For the record, I never went to a better school because nobody ever told me
that I could.

My high school graduation rate was somewhere around 50%, and when the guidance
counselors found out that I got a scholarship to the University of Tennessee,
they pretty much made a plaque to commemorate the success and then moved on to
the other kids.

It's a problem I'd like to work on in the next couple of years.

However, while I'm opining, I might add that I could be the exception that
proves the rule.

All three of my cofounders were Ivy educated, and a heavy proportion of our
early investors and advisors were either connections from their social network
or people who they met at the various Ivy networking functions.
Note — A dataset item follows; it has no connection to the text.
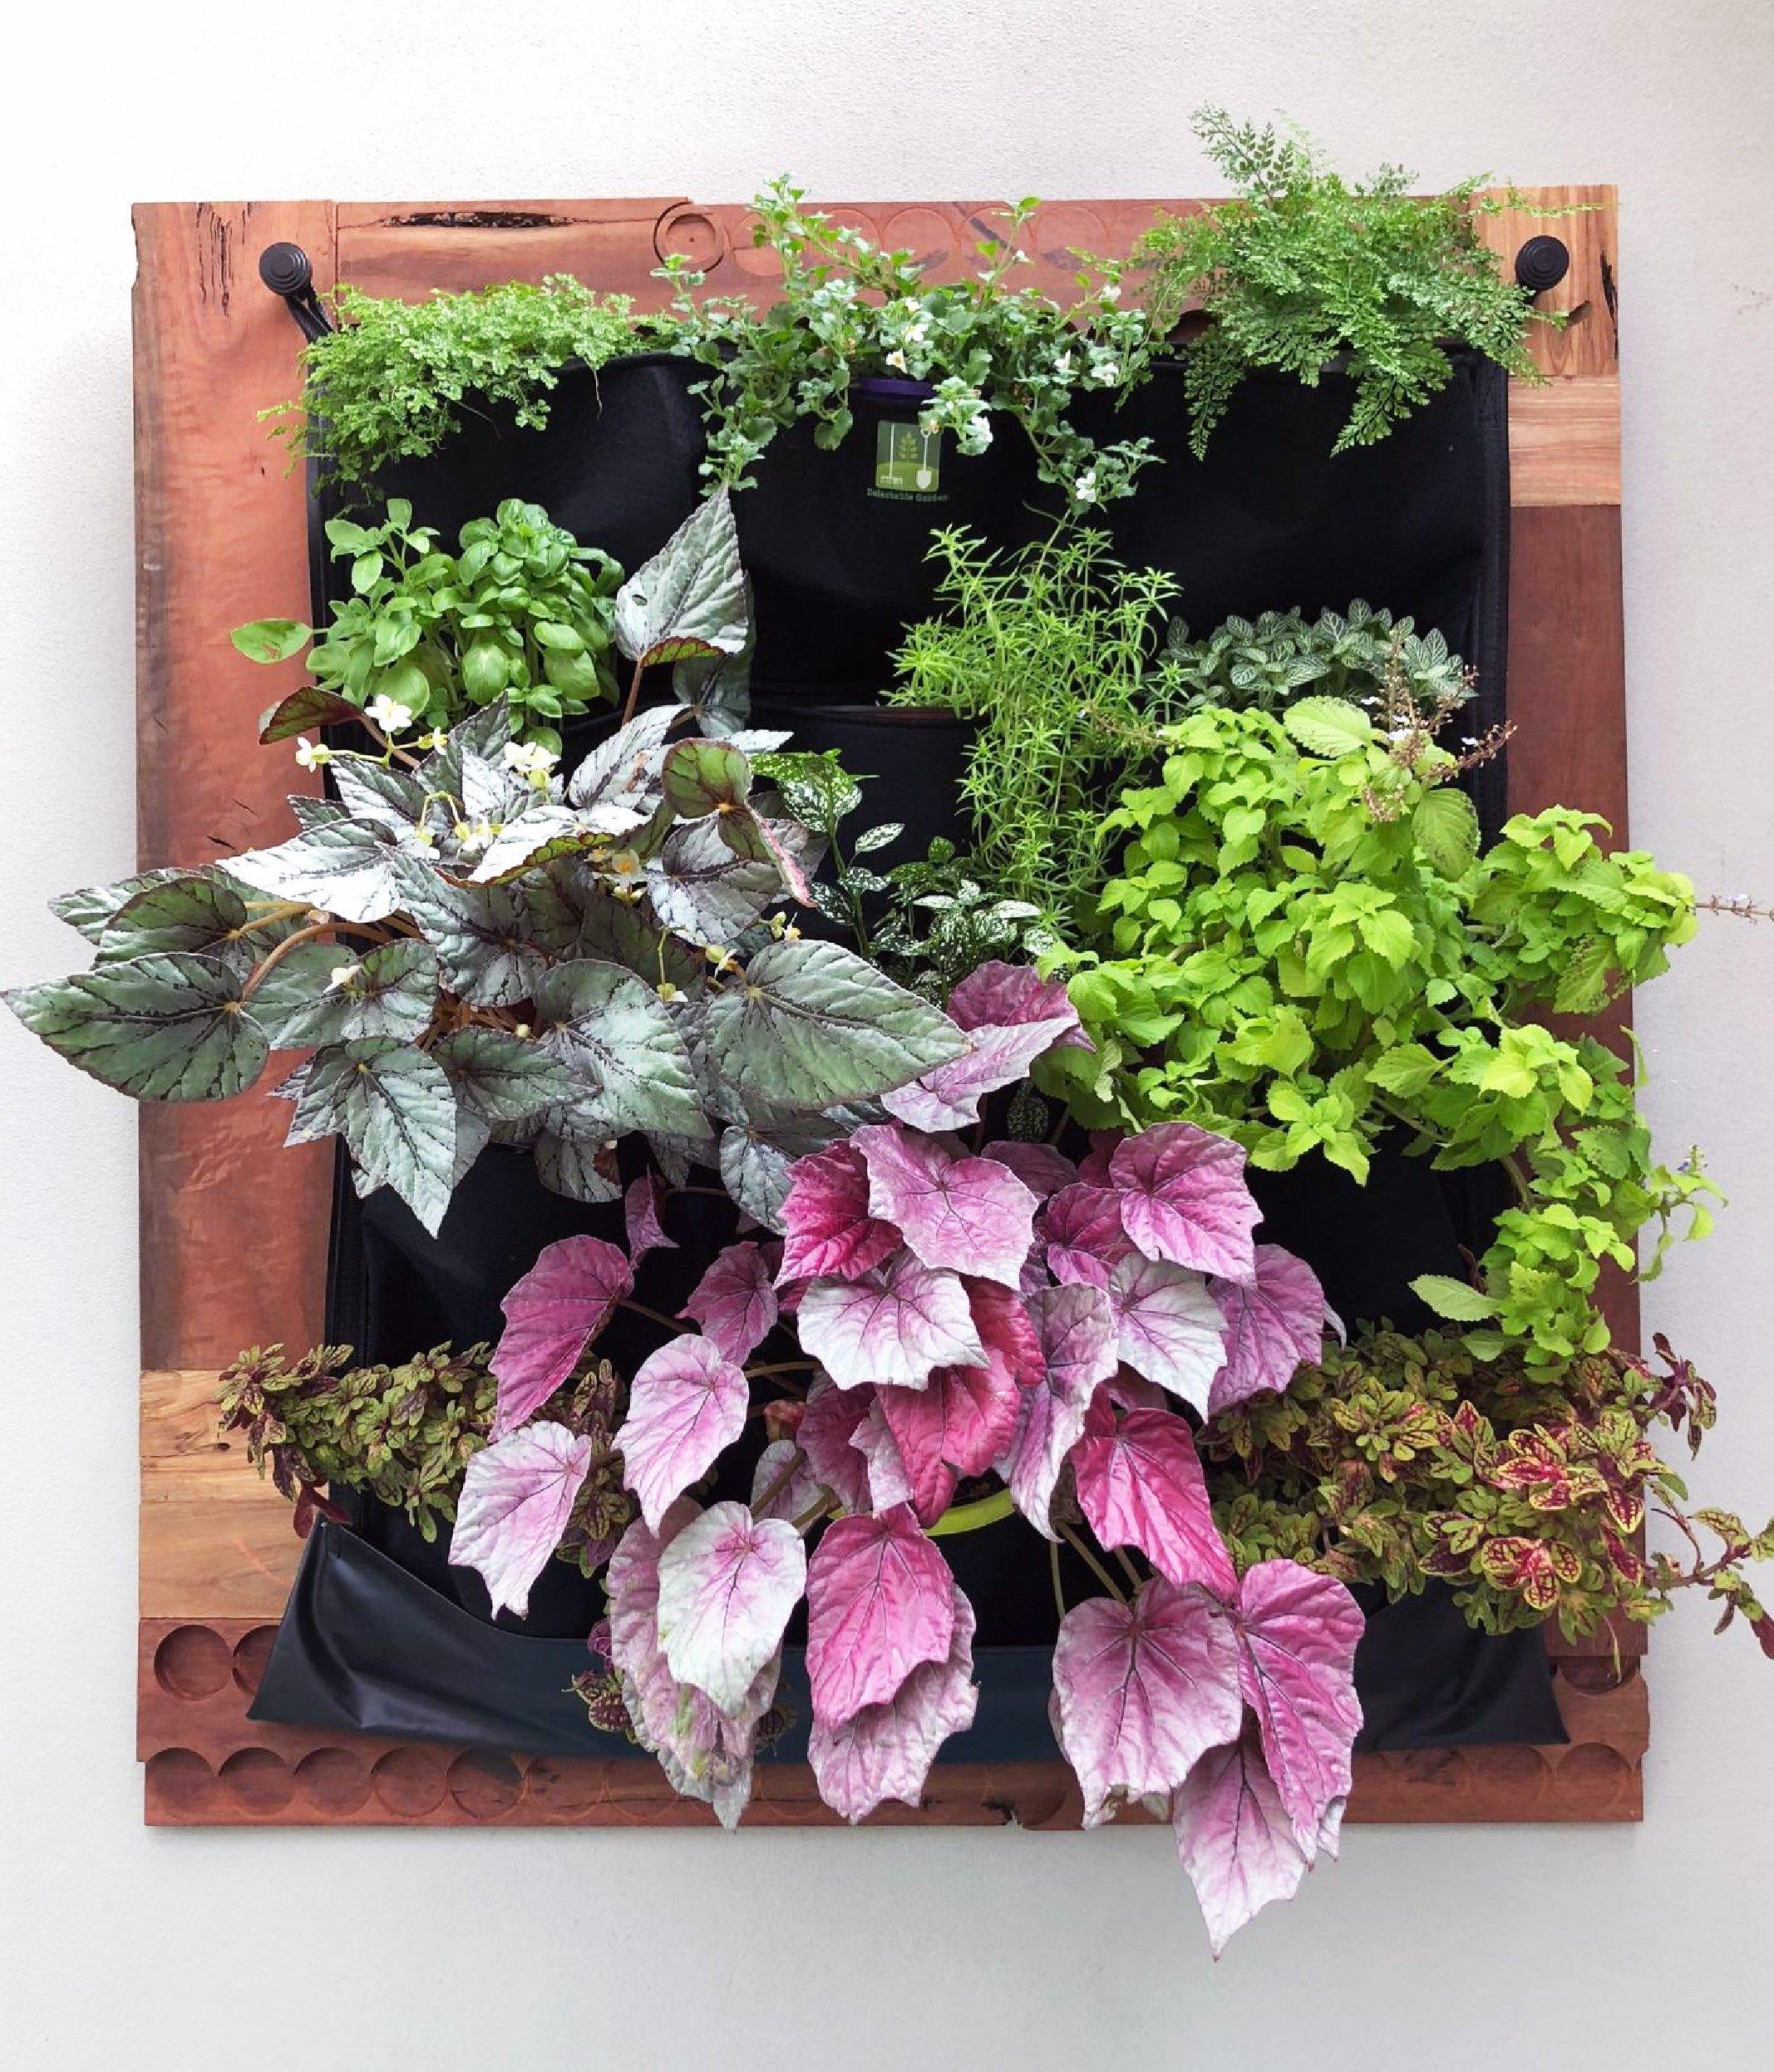 INDOOR Waterproof 12 Pocket Vertical Living Green Wall Planter by Delectable Garden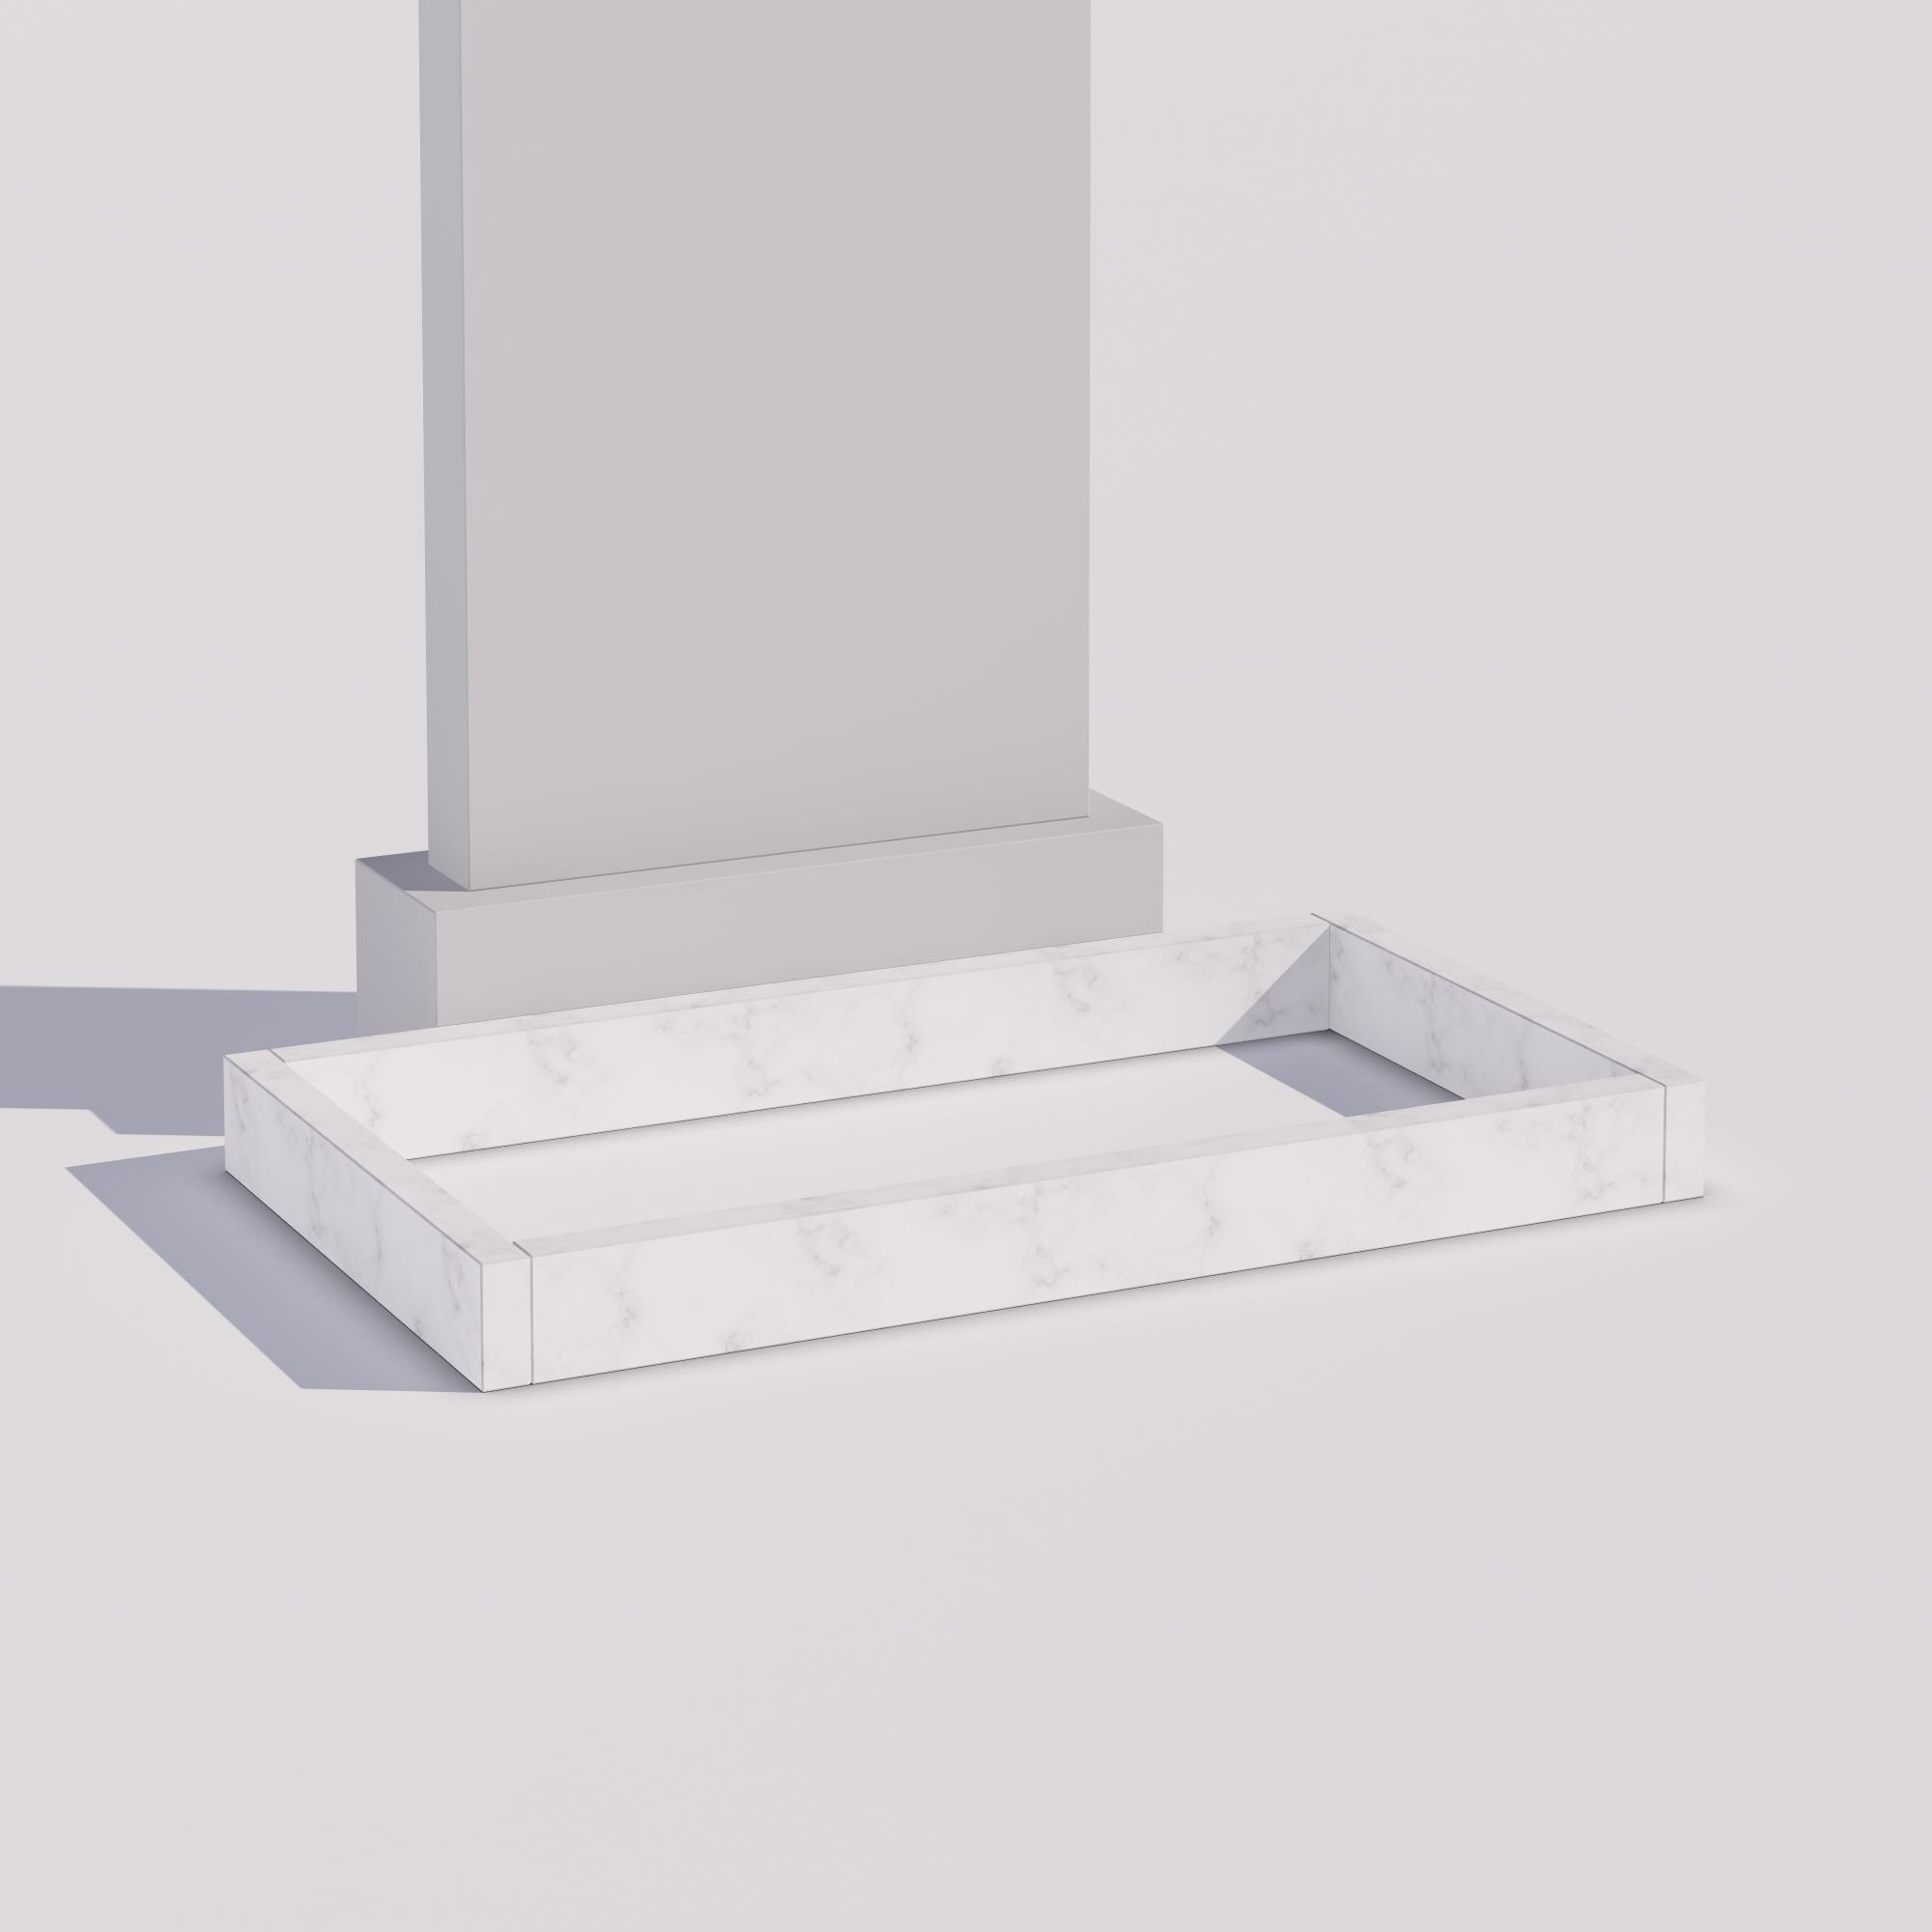 Цветник - мрамор из 4-х поребриков (ВхТ) 10х4 см.

I'm really not sure what to say about it. It's just how the world works.
People like to help people that they know, and when you go to an Ivy League
school it just so happens that the people you share a dorm room with are going
to be in a much better position to help you than my freshman year roommates at
UT.

The UT alumni Association, bless their hearts, can't seem to see any purpose
for contacting alumni except for donations and to organize football watching
parties.

My most successful friends from back home are lawyers, doctors, and small
business owners. My cofounders' most successful friends from back home are
venture capitalists, Stanford professors, and finance types.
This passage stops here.